Today’s apprentice killers train in situations designed to simulate combat as closely as possible, and they rehearse in a fashion that would be instantly recognizable to pioneers of behavior modification, from Ivan Pavlov to B.F. Skinner. The bull’s-eyes have been replaced by human-shaped targets that pop up without warning, for example, with polyurethane faces on balloon bodies inside uniforms. A trainee spots the targets, fires almost on instinct and gets rewarded with points, badges and three-day passes. Over and over, these “kill drills” build muscle memory and acclimate the brain to the act of killing.

Conclusion

So the average person with little to no training will NOT be able to kill his wife and kids let alone his neighbor Tom and his 2 Ginger kids. Without the right re-wiring of the brain most people will simply sit and wait to be bitten. Remember that 5% of people display psychopathic or sociopathic personality disorders? I think all of us at DGB and most of your reading may just fall squarely into the category of Elite Zombie Hunters with latent psychopathic or sociopathic personality disorders.

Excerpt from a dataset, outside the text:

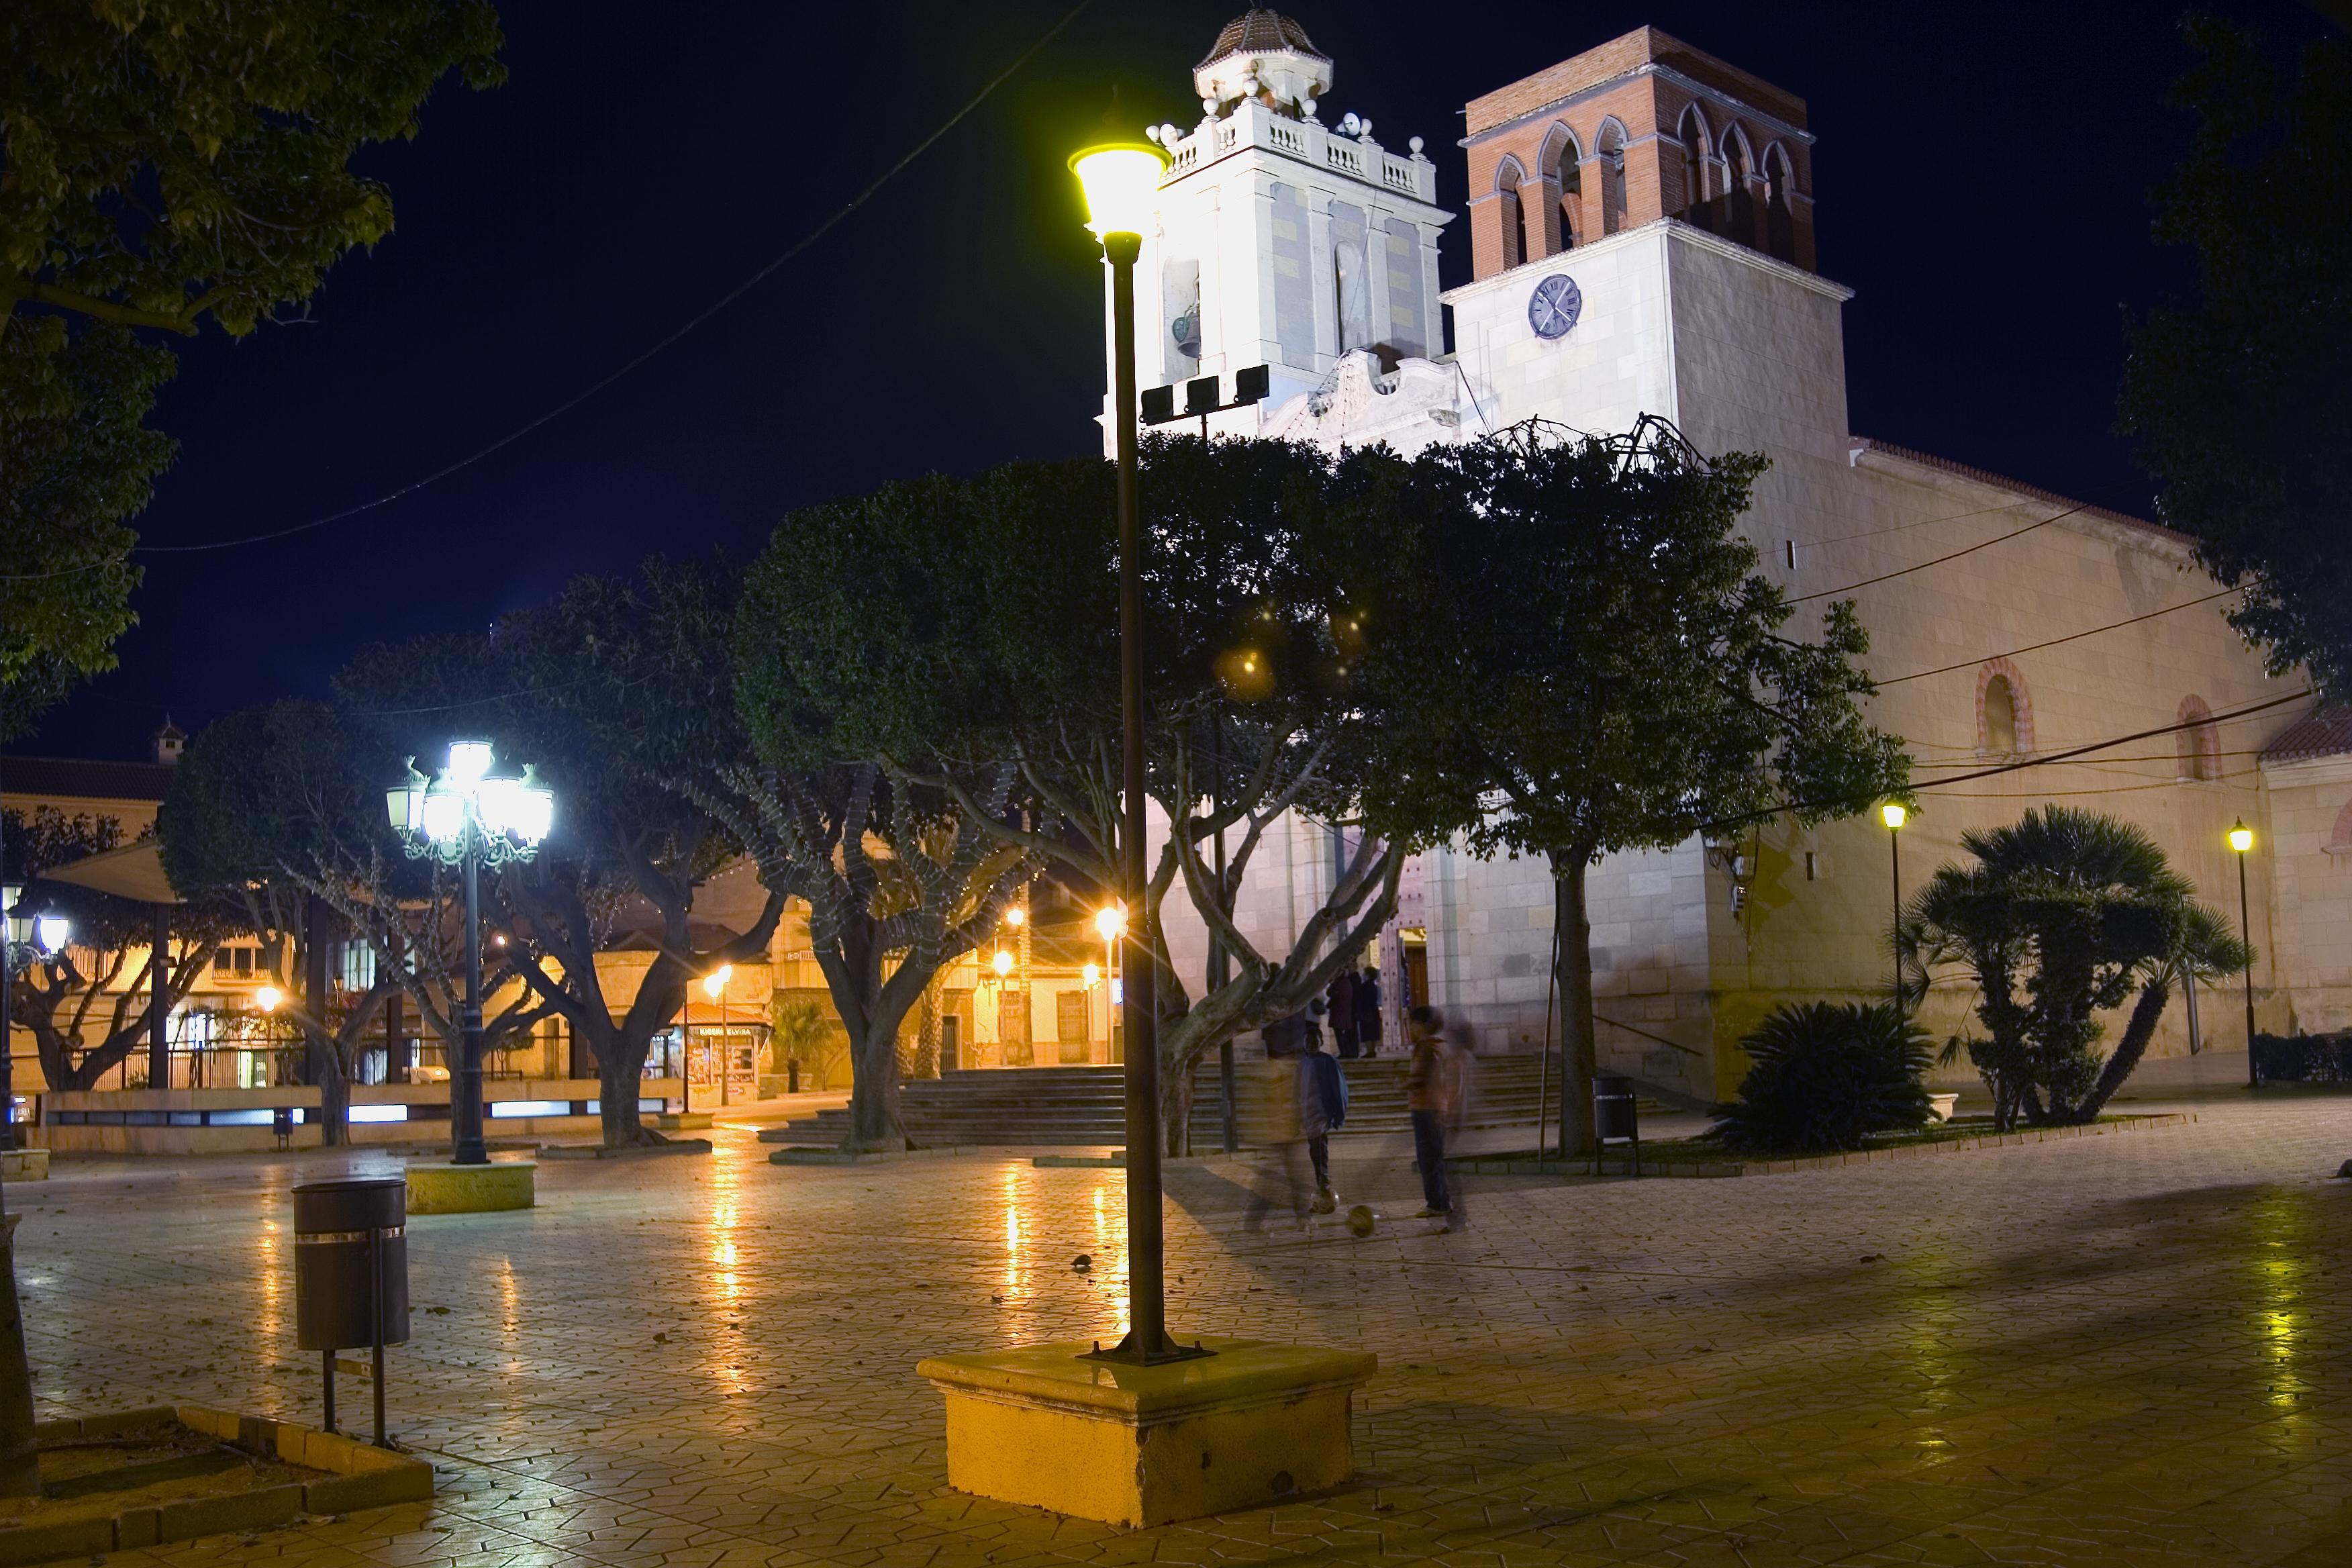 Plaza_Iglesia_Nocturno

Unafraid to brain your momma and especially your ex-wife.

2 comments on “Zombie Apocalypse Psychology: Love thy Neighbors… Tough Love with a Shovel!

  1. Its a little frightening to think about the only survivors of the impending zombie apocalypse being the sociopaths. I wonder though, how hard will it be to disconnect “little Timmy next door” from “the cadaver that used to be little Timmy”. In my belief system, when you die, the soul leaves the body, which is just an empty shell. I’m free from the worry of killing the poor little ginger munchkin next door, he’s already dead. Is it a difficult leap to accept in your head that you’re just “un-desecrating” the shell that used to be the kid next door? (or your own grandmother) And wouldn’t you be doing them a favor? I wouldn’t want my soul’s meat sack walking around doing horrible things.

    Secondly, where does the desire to survive take over? If I saw my formerly beautiful wife shambling down the street, half rotten, blood soaked and drooling, I would have a hard time killing her. But if she was coming at me, a salivating, murderous, infect me and turn me into a zombie, walking corpse? I think i’d have much less trouble. I’d still be filled with grief and sorrow, but that would have started the second she was bitten, not when I ultimately ended her un-life.

    Psychologically, that’s the joy of zombies to me. We get the ‘fantasy’ of killing (or re-killing, or un-undeading) our neighbor that borrowed our lawn mower and returned it broken, or our ex wives who screwed their tennis instructor, divorced us and took half of our money and our children, without any of the moral guilt associated with taking a life.